Cat time please
Okay, perhaps I'm "too young" to be saying this, but I, for one, and very happy that life is short. This shit is hard bizzichs! My god. I remember being a wee thing and running to the mailbox just HOPING that something would be in there for me. And what would there be? Little white envelopes with windows marked for my dad. Man, I was soooo disappointed. I wanted to be allowed to stay up late and watch the 8:00 tv shows. I wanted a cool job in an office like my dad. I wanted to wear makeup. I wanted to drive a pretty little car that was all my own. I wanted a pony. So I spent all of my spare time dressing up my cats and pushing them around in a baby carriage.
Now? I have all of my damned bills emailed to be, because if I get one more of those stupid white envelopes with stupid little windows I'm going to scream. I can't get to sleep at night because I'm enjoying me decompression time so much (usually watching mindless forensic tv that then gives me nightmares) that I stay awake way too late and can't get up in the morning. I drive to work (please don't get me started on work) For-Ever (it's more than an hour people. Come. On.) thinking that I should have gotten to bed a hell of a lot earlier than I did, realizing that I forgot to put on make up (and who really wants to wear that crap anyway?), wait, did I brush my hair this morning? And my LORD this car is costing me a ton of money, and what the heck am I going to do when the warranty wears out in 99 THOUSAND miles, because that's like... 3 years in my world. I realize that a pony is the dream of a child because having a pony would mean actually having to have time to take care of said pony, and if I can't find the time to put on make-up, and I'm exhausted all the time, I'm never, Ever, getting up every single morning to feed a pony and muck it's stall, even on Christmas (and what happened to Christmas anyway). And all I want is time at home, during daylight hours even, to dress up my cats and push them around in one of those cool cat strollers.

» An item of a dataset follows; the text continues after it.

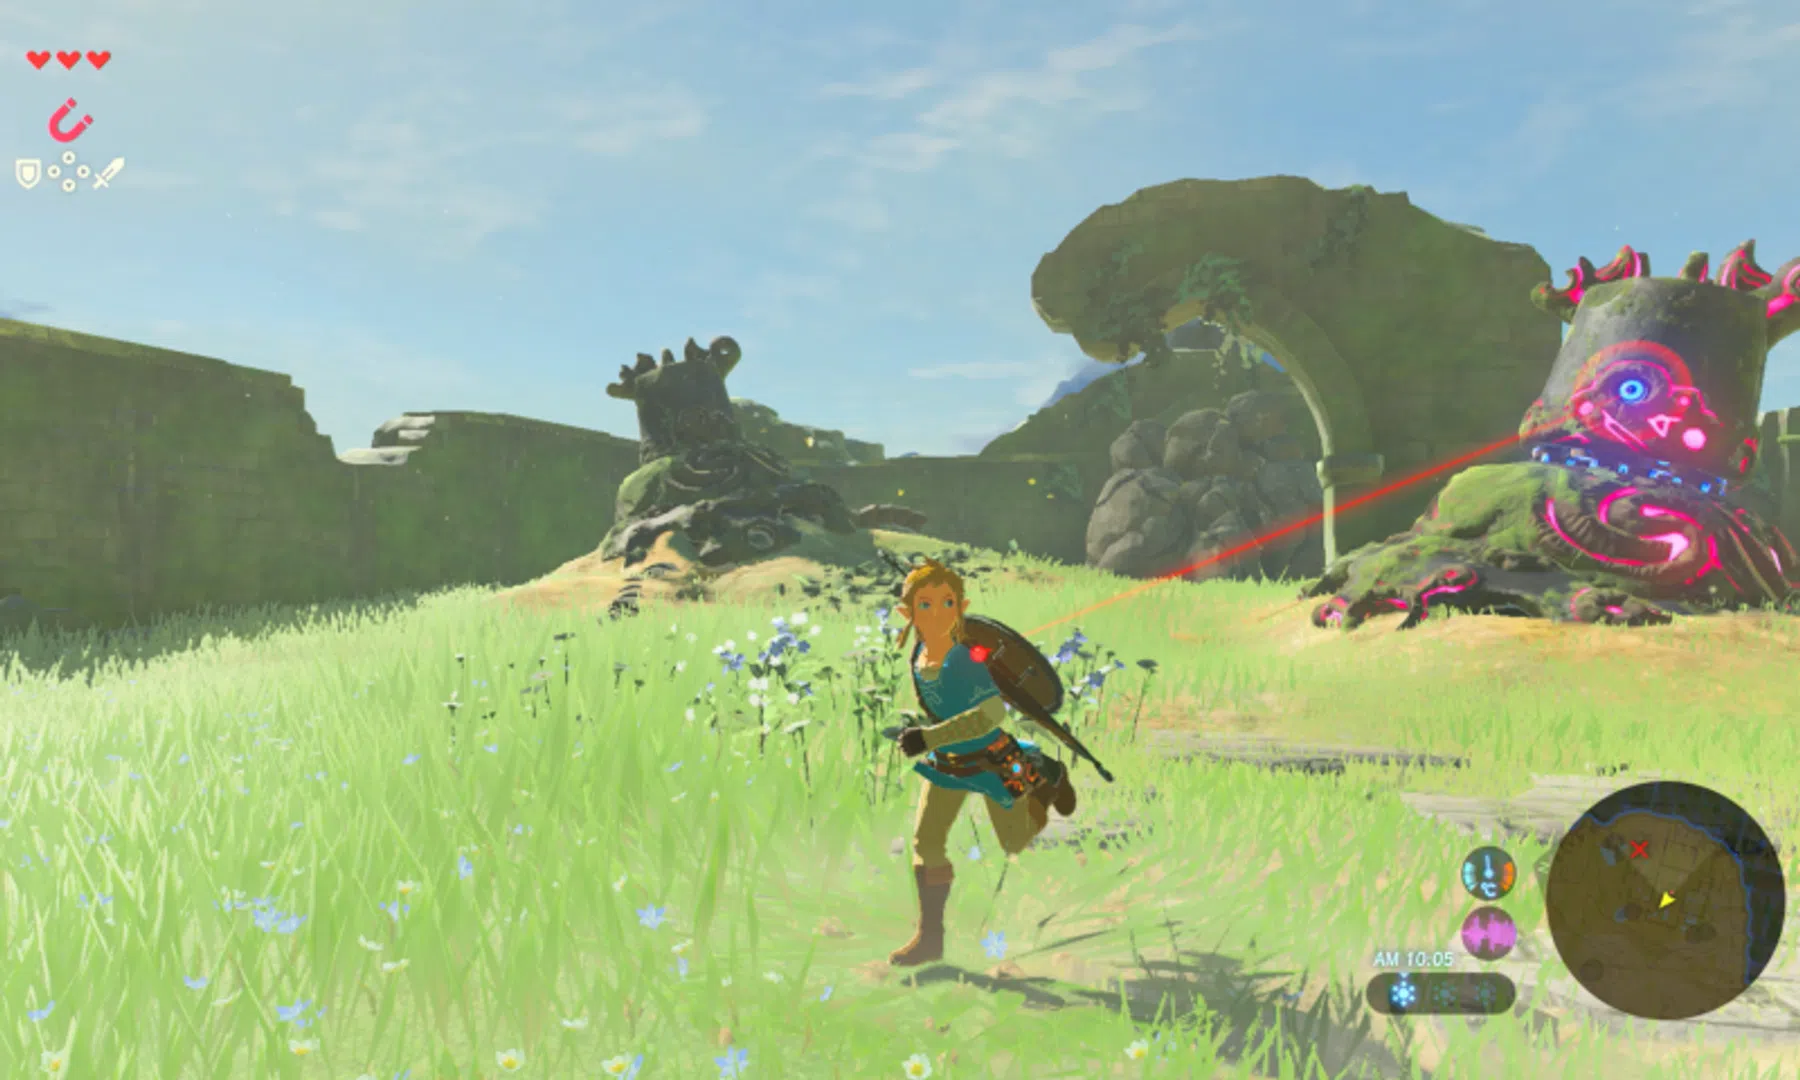 Uitbreiding Zelda Breath of the Wild met 'hard mode'

Thank god life is short, because I don't know how much of this "adult" crap I can take.
I would like the stroller in pink please.
4 Comments:
I no longer want a pony. I want a goat, which would save me having to mow the lawn or trim the hedges. Plus, they're cute.
Your cats don't seem the dress-upable type....
4:46 PM
Meg, I would TOTALLY buy you the pink stroller for your cats if it would make you feel better. I lost a brother when he was only 19, so totally think life is TOO short. You gotta make the best of it (I do remind myself of this at times too).....
6:37 PM
I enjoy being bitter, didn't anyone tell you it's the new black? Seriously, adulthood sucks.
And my cats are so the dressupable type :)
6:13 AM
Um, have YOU seen the last cat pic you posted on your blog? I forget which girl it is, but she's totally saying "I WILL rip you, bitch. Back off and keep the bonnet to yourself!"